Another consideration was how to parametrize colours. I could have gone with the three primary colour RGBA system (Red, Green, Blue and Alpha, i.e. transparency) but in the end I settled on the HSLA system (Hue, Saturation, Lightness, Alpha). I’d originally wanted to flow not just blocks of colour from tile to tile but also have fading between say lighter and darker versions of the same colour along the length of the line. I unfortunately haven’t managed to pull that one off yet, but one day it will come. I needed to make a colour chooser and I was already considering how the existence of colour fades would affect it. Unfortunately the HSLA system isn’t great for producing smooth transitions of colour because fading along the hue axis will generate rainbows. Which is great for my inner gay but sometimes one does want to be able to fade between red and blue without passing through orange, yellow, green and turquoise! Fading between opposite colours like blue and yellow in the RGBA system will produce a a bunch of muddy greys in the middle. I find the HSLA system very useful for my artwork because its concepts like saturation are pretty easy and intuitive to grasp, though the RGBA system is acceptable too. But neither is great for colour gradients. This issue affects my other sketches too. My sketch that draws Julia Set and Mandelbrot Set fractals sometimes produces weird colour gradients because it’s based on HSLA. Another colour space is needed. CIELAB (Luminosity, A* and B*) seems promising but the A* and B* dimensions are less intuitive than HSLA and at the time of writing web browsers don’t support LAB as a built-in feature (but future support is planned). If I wanted to use it today then I’d have to program the necessary calculations to convert numbers from LAB into RGBA myself.
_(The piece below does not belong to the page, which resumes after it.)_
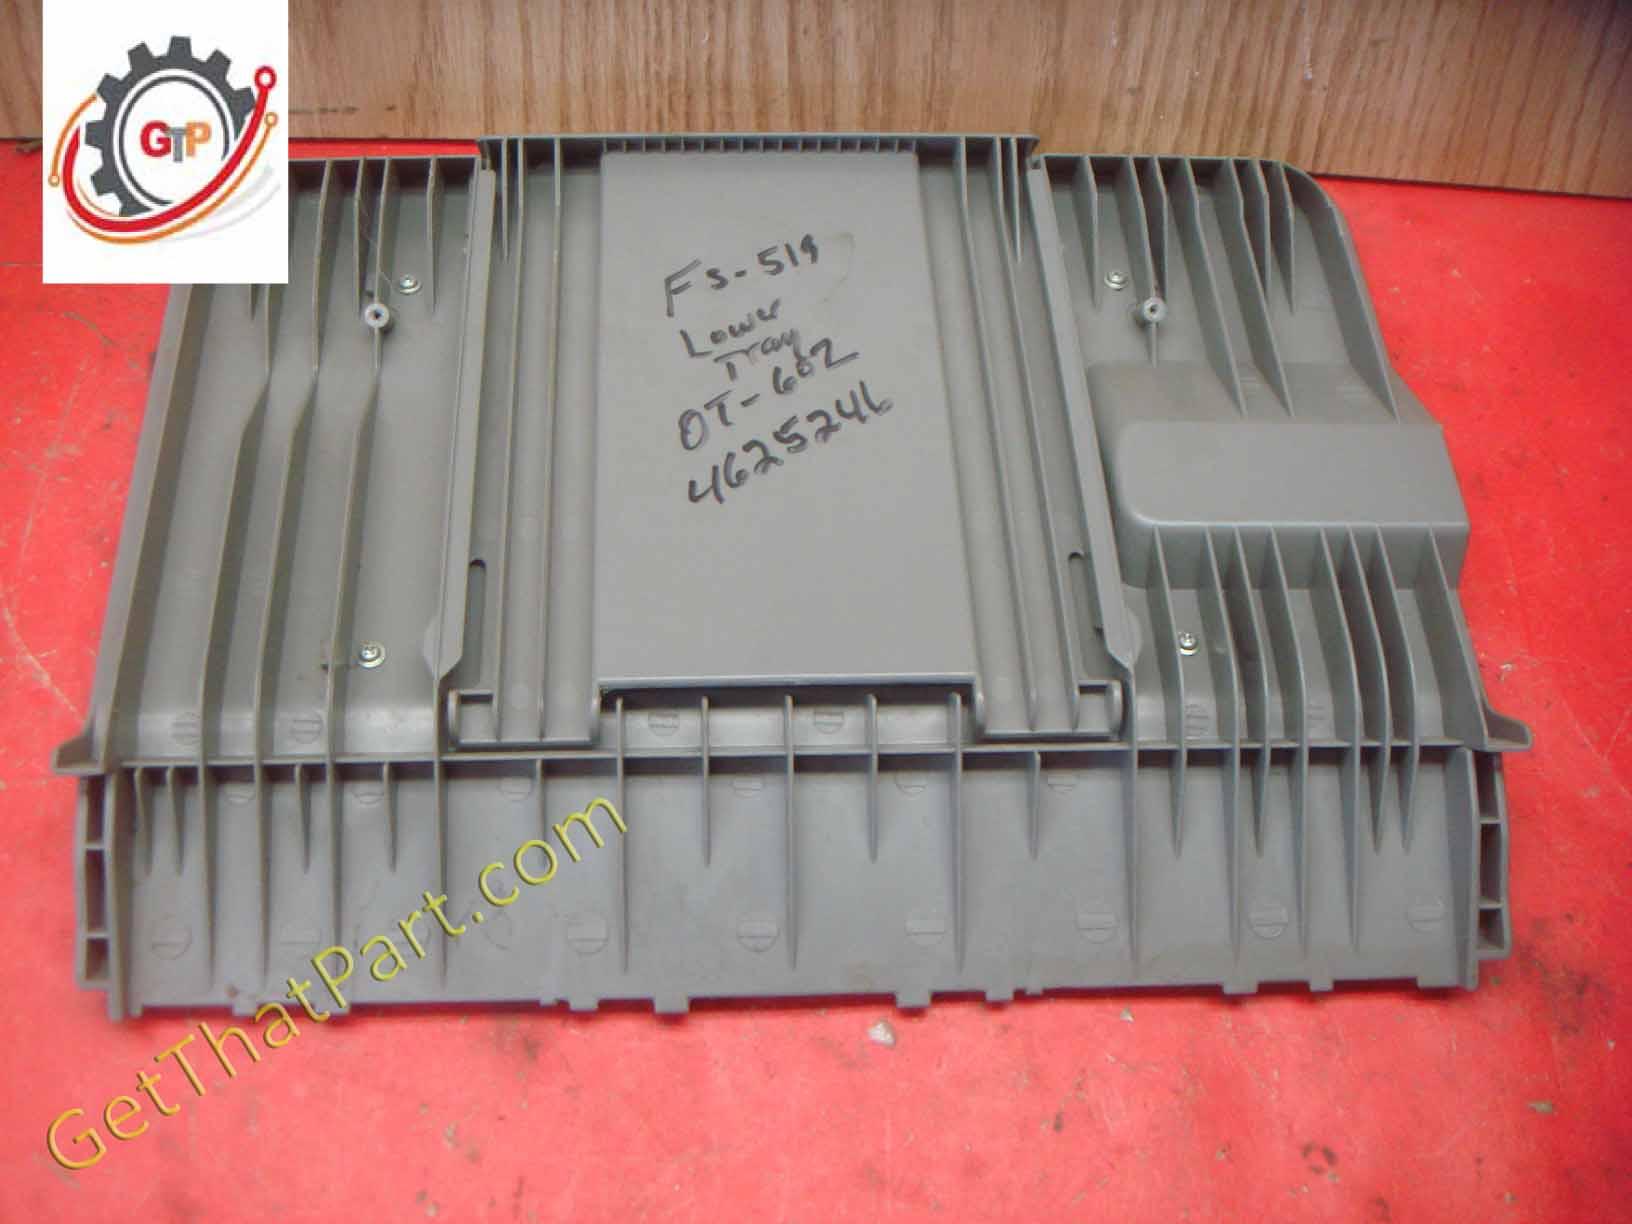 Konica Minolta FS519 Output Tray OT-602

Another issue which afflicts both RGBA and HSLA is that until recently computers have been able to display bright reds and greens but their range of blues has been more limited. It doesn’t make sense to place red and blue measurements on the scales we’ve always historically used, which is a particular problem for HSLA because
hsla(0, 100%, 50%, 1) and
hsla(240, 100%, 50%, 1) don’t just differ because the former has a red hue and the latter has a blue hue as should be the case because that’s what those descriptions say. But in reality they also differ in brightness because 100% saturation and 50% lightness doesn’t mean the same for red as it does for blue, because the measuring system is based upon the historical limitations of displays rather than the full range of human vision.
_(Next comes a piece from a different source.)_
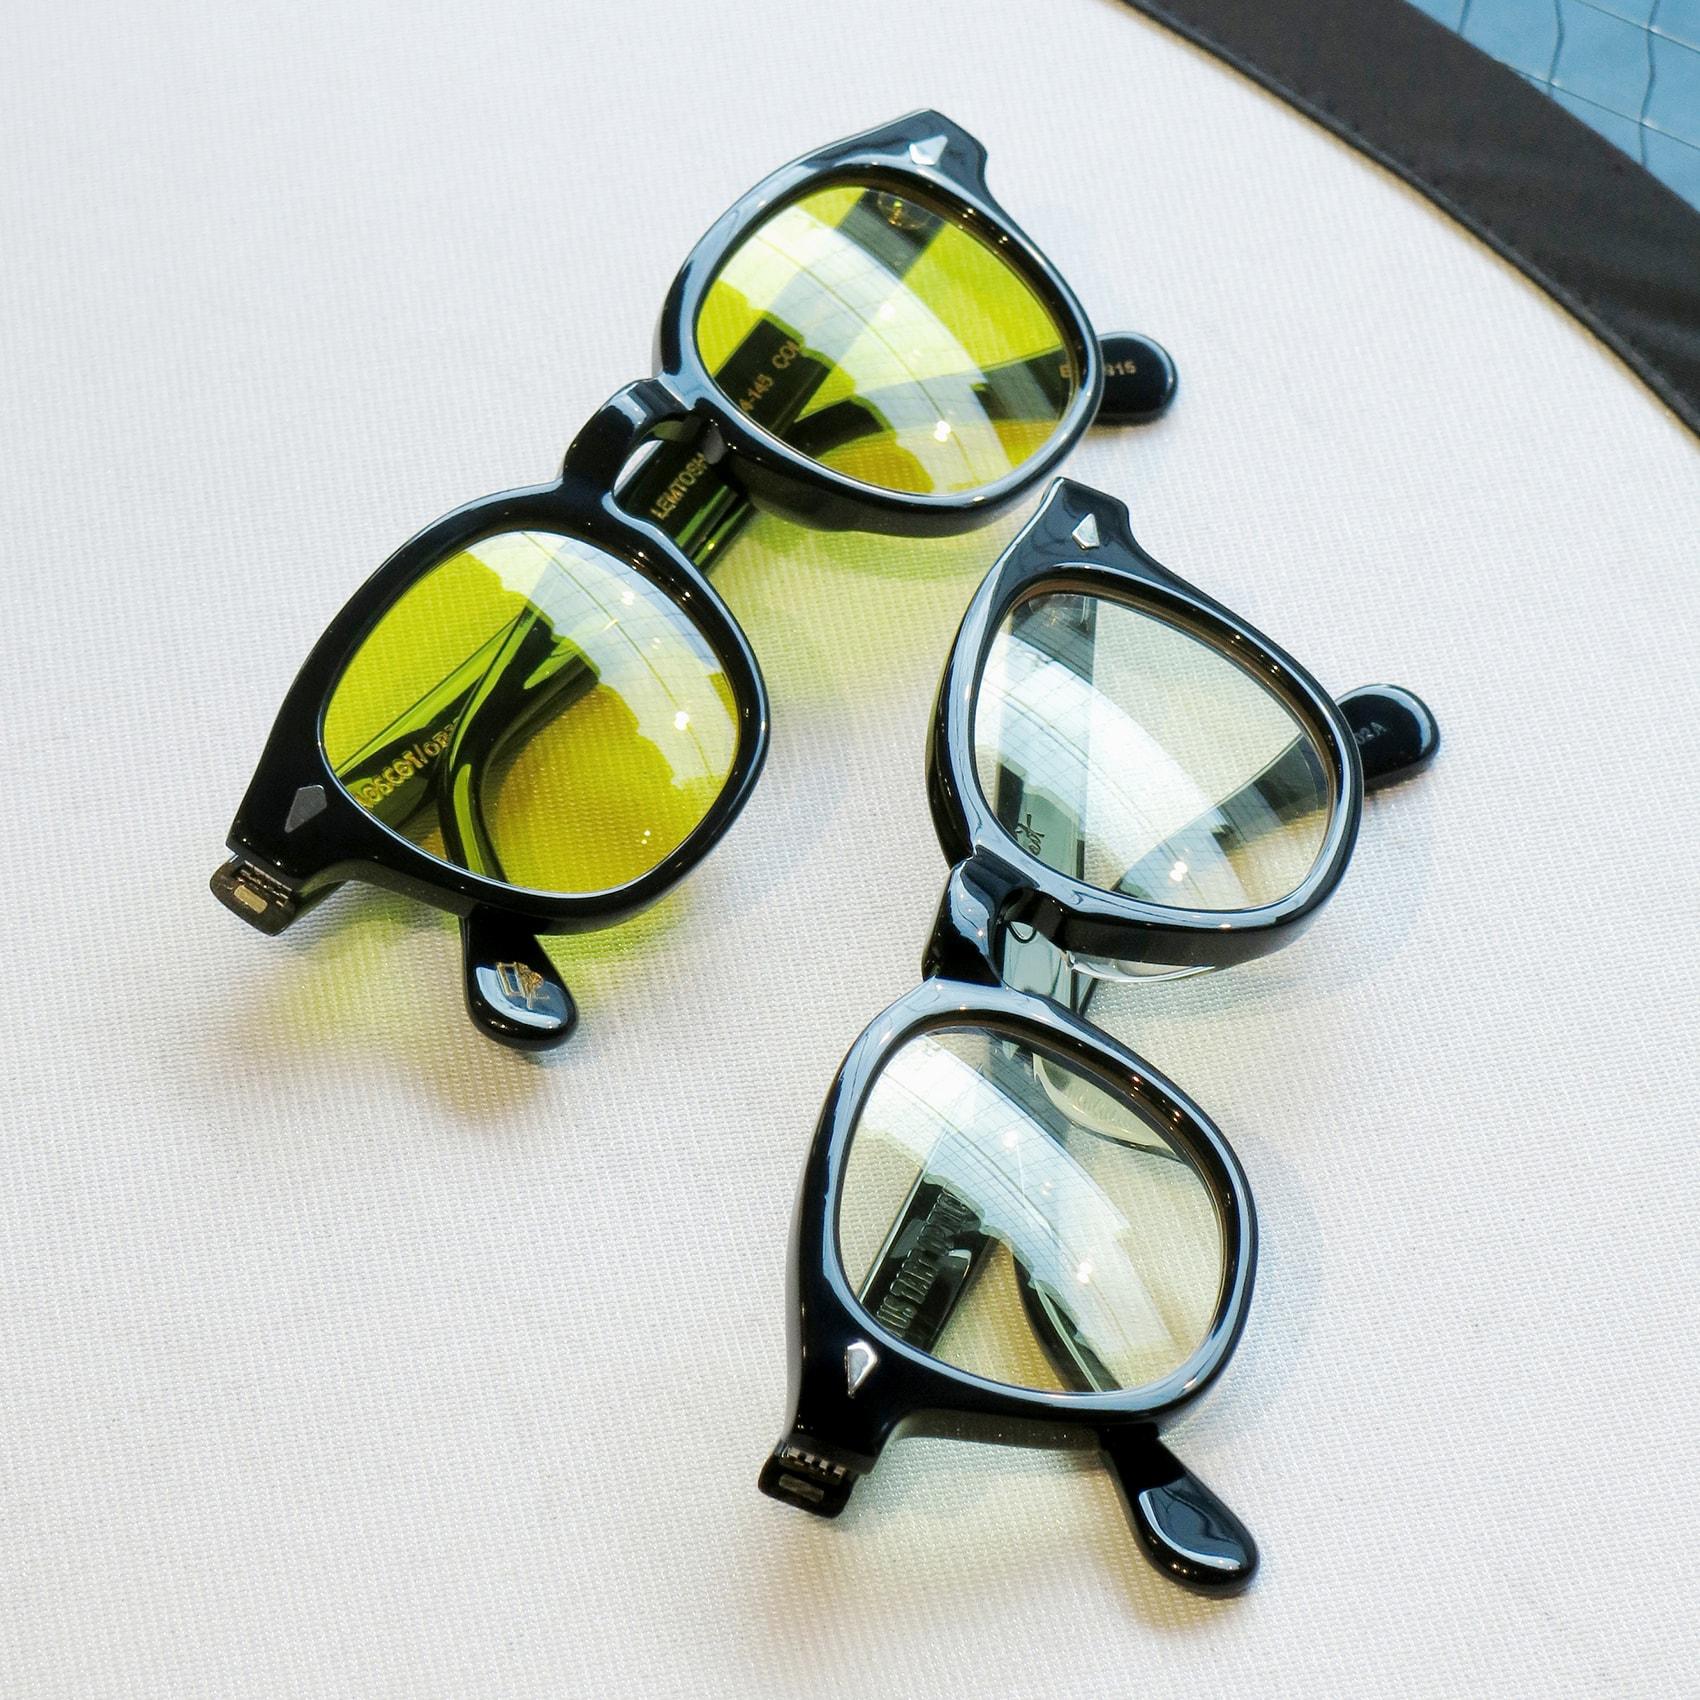 170818_arnel-lemtosh-sunglasses_yellows_02

Probably the eventual solution to my needs in the medium term will be to continue accepting input in HSLA colour space and then convert those colour measurement into LAB space, perform my colour gradations and animations in LAB space, and finally convert into the computer’s native RGBA space to generate output. But there’s more to this sketch than the colour gradations that I didn’t end up implementing and HSLA is good enough for now. Valuable research for future work though.
There’s currently a glitchy behaviour associated with the alpha colour dimension. When you have a line meeting a curve on the same tile and the colours aren’t fully opaque then you get an effect that’s like looking through two overlapping coloured lenses and the intersection piece comes out darker than it “should”. I did regard this as a bug, though it could also be considered a feature. It warrants further investigation for creative potential.
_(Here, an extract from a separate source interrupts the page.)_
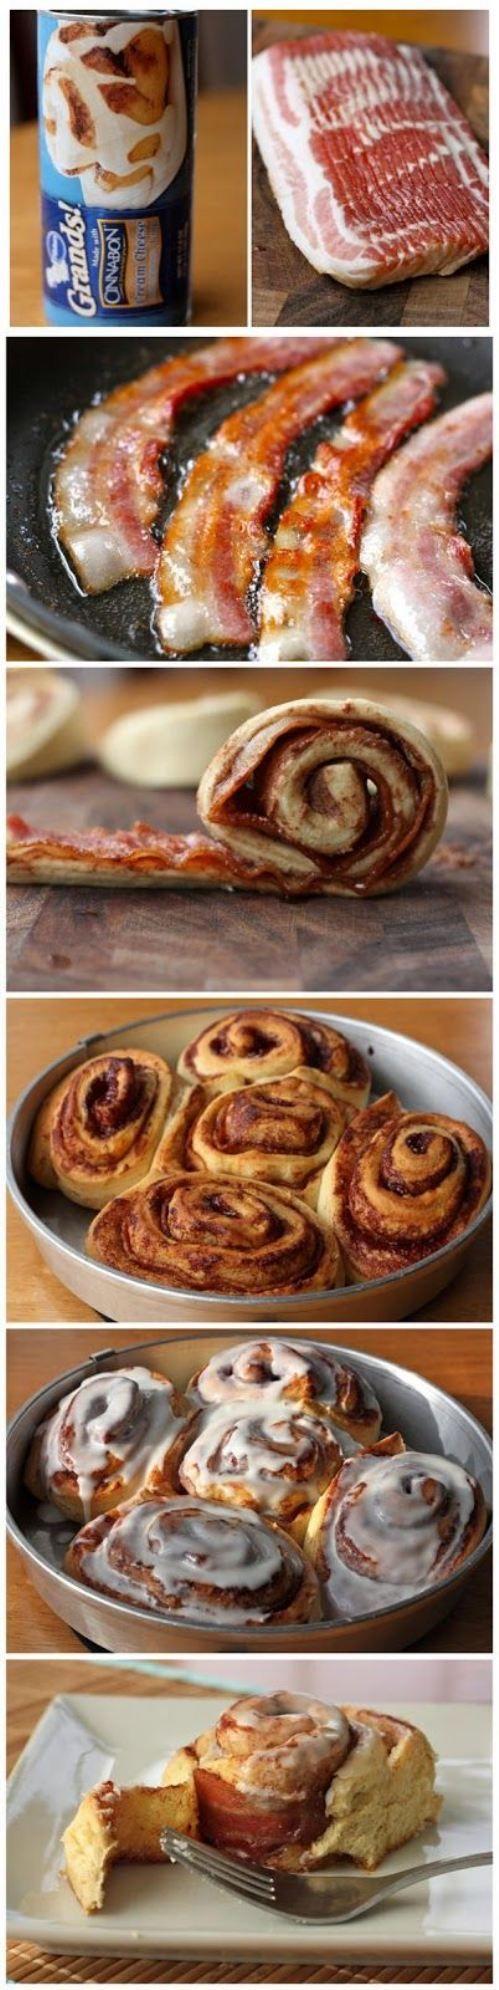 Bacon cinnamon rolls

Originally the plan had been to use my initial drawings of tile designs as thumbnails and have users choose tiles from a broader catalogue of designs. But the number of designs had grown quite large and I became concerned that if I implemented the catalogue approach then the user interface could end up being cumbersome. Noting that my designs are built from simple components, I determined there would be sufficient constraints imposed on the user that creating a tile designer widget and embedding it inside the sketch would be eminently feasible and would provide a more direct way of engaging in tile construction than scanning through a list. And so I implemented the tile designer widget. You can click in any of eight areas to toggle lines on and off, convert lines into curves, or change colours. And I think it’s a great success because very quickly I was playing around and creating new designs that were not on my original list.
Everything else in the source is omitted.